Neither Docker nor Vagrant fully work for the cross-compile with opensuse right now, I think wine might be especially buggy under container/virtualized environments. So it might be pushing our luck. An alternative I was able to get to work is going to MSYS2 instead of cygwin, and downloading the toolchain from opensuse. I have this in a branch at https://github.com/JuliaLang/julia/pull/11705 that I'll merge soon.

Here's a powershell provisioning script I was able to get to work inside a clean vagrant windows-guest VM:

# change the following to 32 for 32 bit Julia
$bits = "64"
# change the following to i686 for 32 bit Julia
$arch = "x86_64"
# change the date in the following for future msys2 releases
$msys2tarball = "msys2-base-$arch-20150512.tar"

# these environment variables need to be set, or Julia gets confused
[Environment]::SetEnvironmentVariable("HOMEDRIVE", "C:")
[Environment]::SetEnvironmentVariable("HOMEPATH", "\Users\vagrant")
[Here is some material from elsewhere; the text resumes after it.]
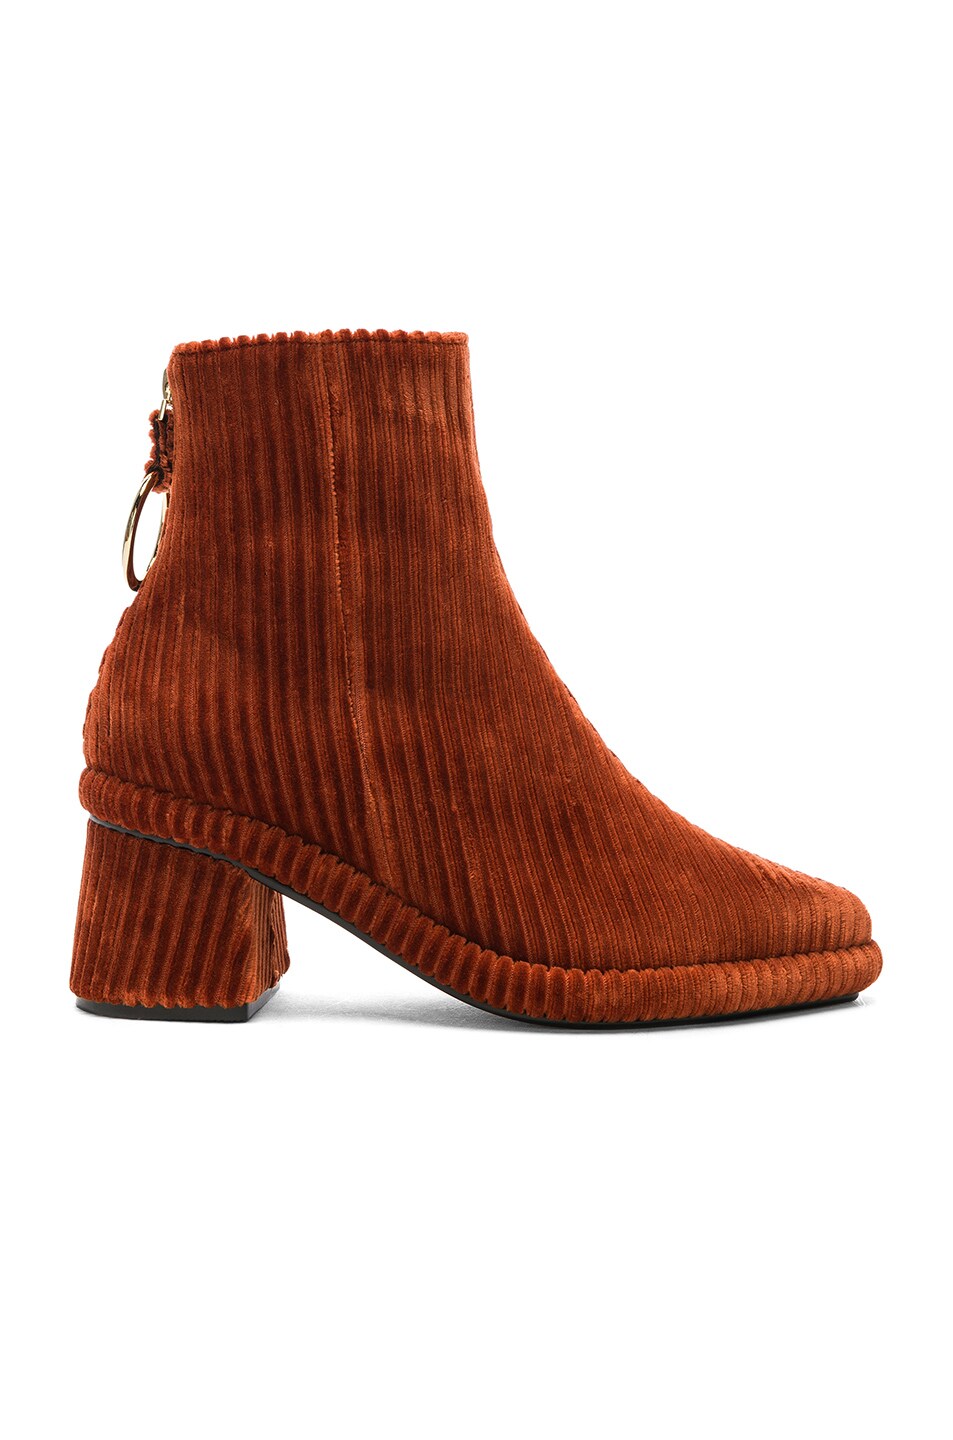 Image 1 of Reike Nen Corduroy Ring Slim Boots in Copper

# install chocolatey, cmake, and python2
iex ((new-object net.webclient).DownloadString("https://chocolatey.org/install.ps1"))
choco install -y cmake
choco install -y python2

# pacman is picky, reinstall msys2 from scratch
foreach ($dir in @("etc", "usr", "var")) {
  if (Test-Path "C:\msys$bits\$dir") {
    rm -Recurse -Force C:\msys$bits\$dir
  }
}
mkdir -Force C:\msys$bits | Out-Null
(new-object net.webclient).DownloadFile(
  "https://chocolatey.org/7za.exe",
  "C:\msys$bits\7za.exe")
(new-object net.webclient).DownloadFile(
  "http://sourceforge.net/projects/msys2/files/Base/$arch/$msys2tarball.xz",
  "C:\msys$bits\$msys2tarball.xz")
cd C:\
& "msys$bits\7za.exe" x -y msys$bits\$msys2tarball.xz
& "msys$bits\7za.exe" x -y $msys2tarball | Out-Null
rm $msys2tarball, msys$bits\$msys2tarball.xz, msys$bits\7za.exe

& "C:\msys$bits\usr\bin\sh" -lc "pacman --noconfirm --force --needed -Sy \
  bash pacman pacman-mirrors msys2-runtime"
& "C:\msys$bits\usr\bin\sh" -lc "pacman --noconfirm -Syu && \
  pacman --noconfirm -S diffutils git m4 make patch tar p7zip msys/openssh"
& "C:\msys$bits\usr\bin\sh" -lc "if ! [ -e julia$bits ]; then
  git clone git://github.com/JuliaLang/julia.git julia$bits; fi && cd julia$bits && git pull && \
  if ! [ -e usr/$arch-w64-mingw32 ]; then contrib/windows/get_toolchain.sh $bits; fi && \
  export PATH=`$PWD/usr/$arch-w64-mingw32/sys-root/mingw/bin:`$PATH:/c/tools/python2 && \
  echo 'override CMAKE=/c/Program\ Files\ \(x86\)/CMake/bin/cmake' > Make.user && \
  make cleanall && make -j2 test && make win-extras binary-dist"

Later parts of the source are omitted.